What is condition code 84?

For payment under Medicare, ESRD facilities shall report all items and services furnished to beneficiaries with AKI by submitting the 72x type of bill with condition code 84 - Dialysis for Acute Kidney Injury (AKI) on a monthly basis.

What is condition code 72?

Occurrence Span Code 72 to track the total, contiguous outpatient care prior to inpatient. admission in the hospital. This will enable CMS to identify claims in which the beneficiary. received care as an outpatient for 1 or more midnights and was subsequently admitted as an.

What is a Medicare condition code 65?

Status Code 61 - Discharged/transferred to a hospital-based, Medicare- approved swing bed. Status Code 65 - Discharged/transferred to a psychiatric hospital or psychiatric distinct part unit of a hospital (for future use).

What is denial code 96 for Medicare?

Denial code 96 is for non-covered charges. It means that there is missing information in the claim, such as a remark code.

What is Medicare 64 condition code?

Enter condition code 64 to indicate that the claim is not a "clean" claim, and therefore, not subject to the mandated claims processing timeliness standard. 5. Interest Payment on Clean Non-PIP Claims, Not Paid Timely.

What is condition code 80?

Condition code 80 refers to the Home Dialysis-Nursing facility. The subcodes starting from 81-99 get reserved by NUBC. In addition to numeric codes, the alphanumeric condition codes help with medical programs and procedures.

What is condition code 48?

Effective January 1, 2006 the definition of value code 48 is changed to indicate the patient's most recent hemoglobin reading taken before the start of the billing period. 49 - Hematocrit Reading - Code indicates the hematocrit reading taken before the last administration of EPO during this billing cycle.

What is the condition code 69?

The provider uses Condition code 69 to indicate that the claim is being submitted as a no-pay bill to the PS&R report type 118 for MA enrollees in non-IPPS hospitals and non-IPPS units to capture MA inpatient days for purposes of calculating the DGME and/or N&AH payment through the cost report.

What is the 57 condition code?

Condition code 57 ( SNF Readmission) the patient previously received Medicare covered SNF care within 30 days of the current SNF admission.
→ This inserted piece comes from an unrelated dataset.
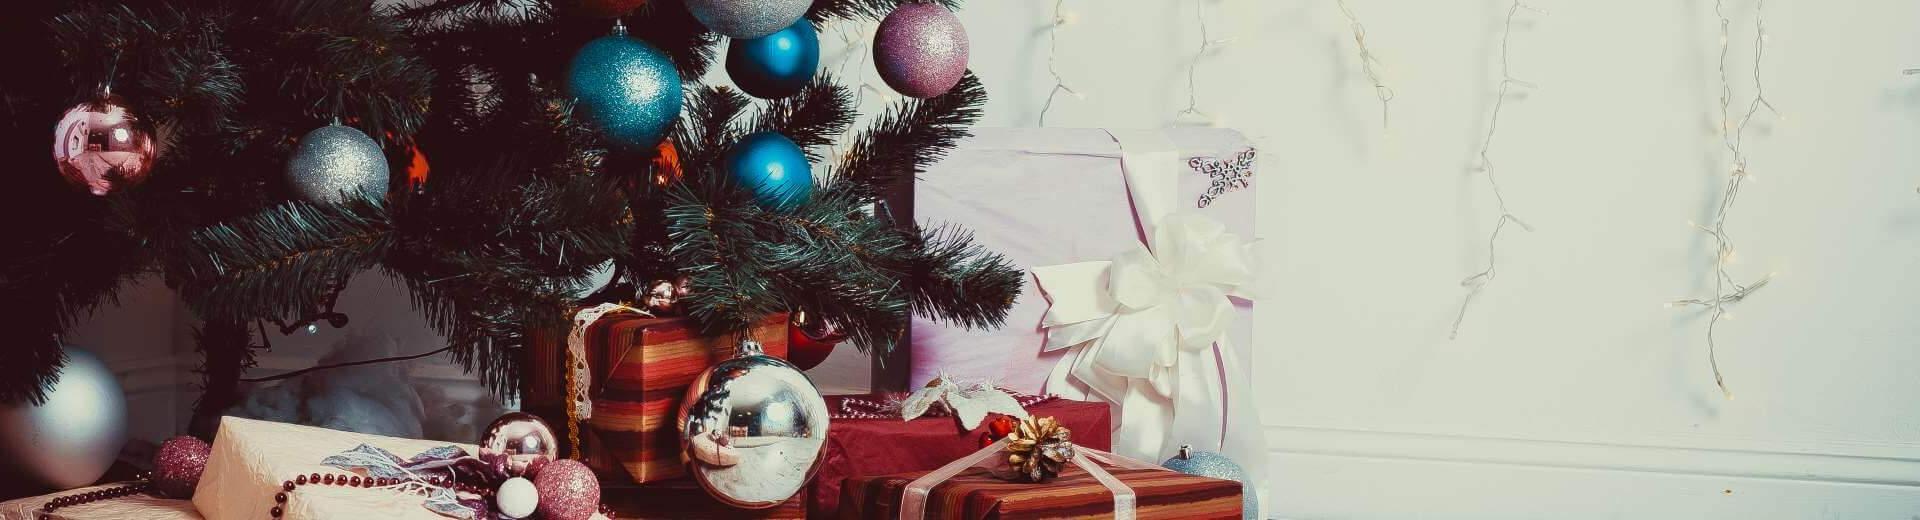 Weihnachten im Ferienhaus in Urmein | Casamundo - Casamundo

The 78 occurrence span code may be needed if the patient was transferred from a different SNF to your facility.

What does condition code 77 mean?

Condition code (CC) 77, is entered when a provider accepts or is obligated/required due to a contractual arrangement or law to accept payment from the primary payer as payment in full. In this case, no Medicare payment will be made.
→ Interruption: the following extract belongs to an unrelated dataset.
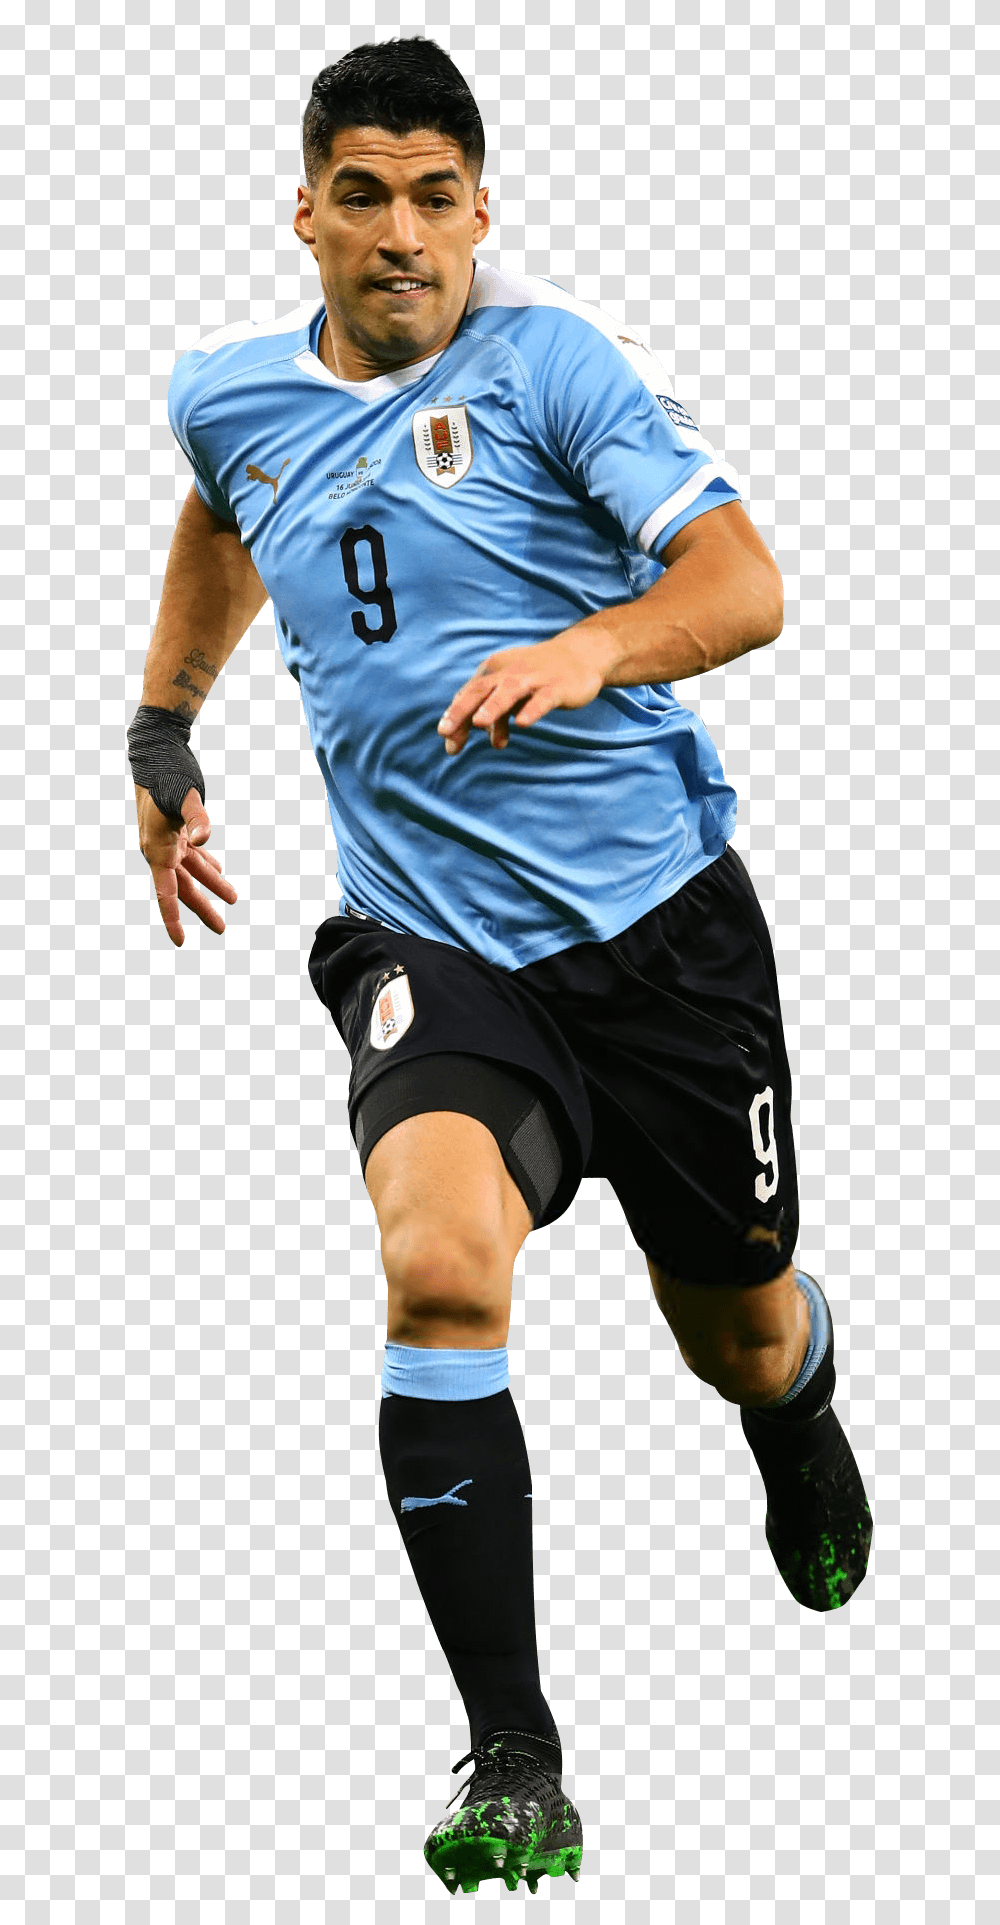 Luis Suarezrender Soccer Player, Sphere, Shorts, Person Transparent Png

What is condition code 61?

Benefit period: Time period defining a Medicare Beneficiary's inpatient benefits. May include 60 full hospital days, 30 coinsurance days and 60 LTR days. Condition code (CC) 61: Cost outlier. Providers do not report this code. Indicates the bill is paid as an outlier.

What is a condition code 08 for Medicare?
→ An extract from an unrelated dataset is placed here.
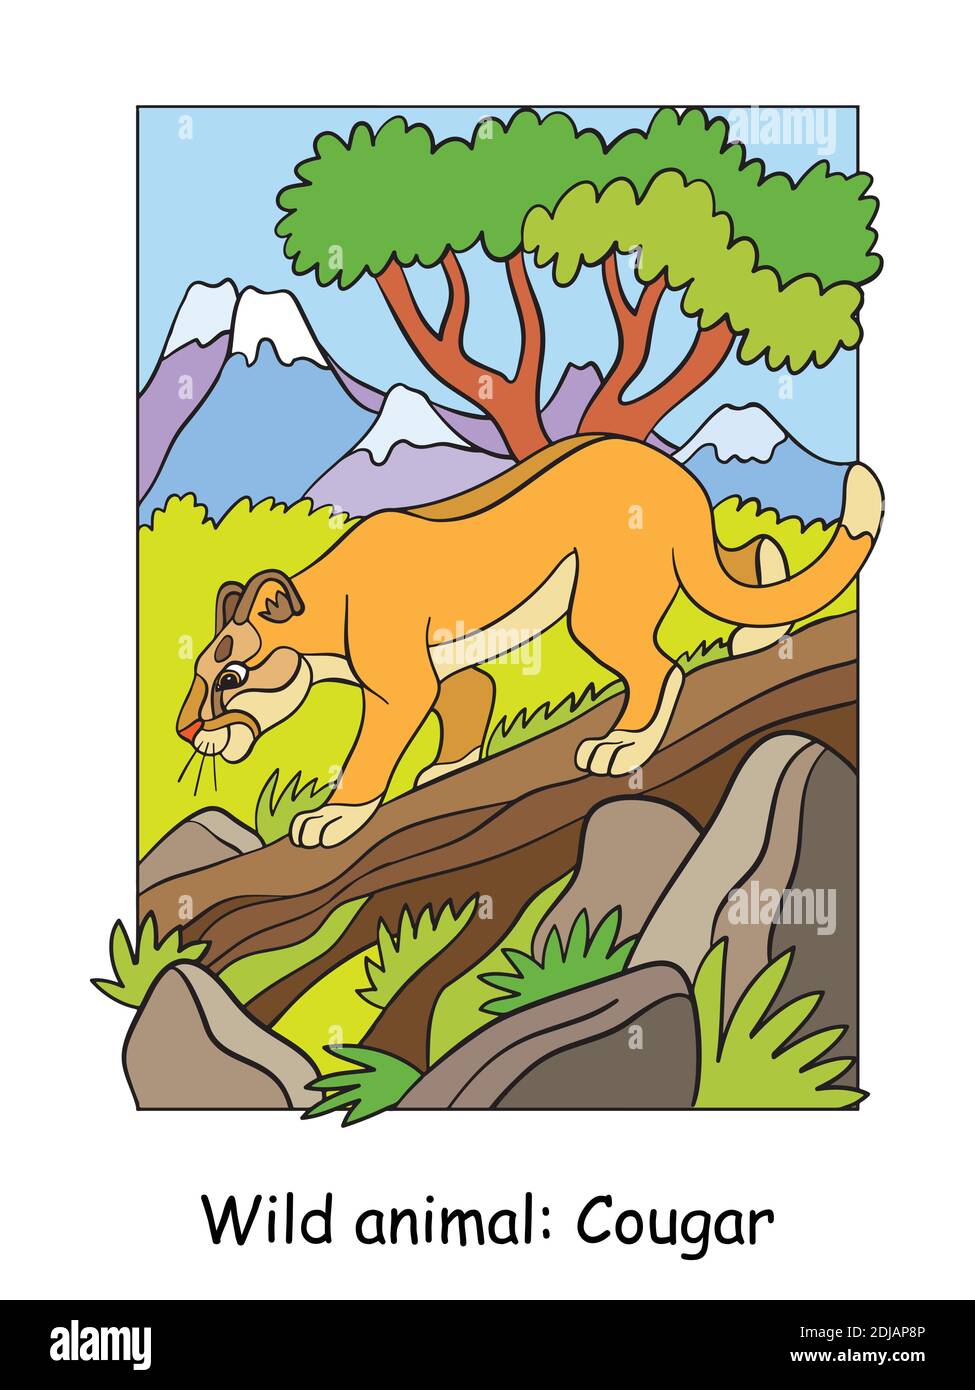 Vektor bunte Illustration mit niedlichen Puma zu Fuß auf einem Baum in Berggebiet. Cartoon-Konturdarstellung. Stock Illustration für Malbuch, Stock Vektor

Condition code 08 should be submitted on claims when the beneficiary would not furnish information concerning the other insurance coverage. The Common Working File (CWF) monitors these claims and alerts the MSP Contractor. The MSP Contractor will then contact the beneficiary if necessary.

What is condition code 55?

Code. Description. 55. Date of death (required with Patient Discharge Status Code 20 (expired))

What is a D code?

Subset of the HCPCS Level II medical codes identifying certain dental procedures. It replicates many of the CDT codes and will be replaced by the CDT. Descriptor: The text defining a code in a code set.

How to fix B4 error code?

"B4" is listed as a USB Hot Plug issue. If this is a new build start-up or you recently removed the MB connections, check your header connectons very closely or components that are plugged into the USB ports.

What is decline code 06?

The credit card decline code “06” generally means that the transaction was not approved as the issuer or card network flagged it. This could occur for several reasons, such as the card being restricted, blocked, or a hold being placed on it for potential security issues or suspected fraud.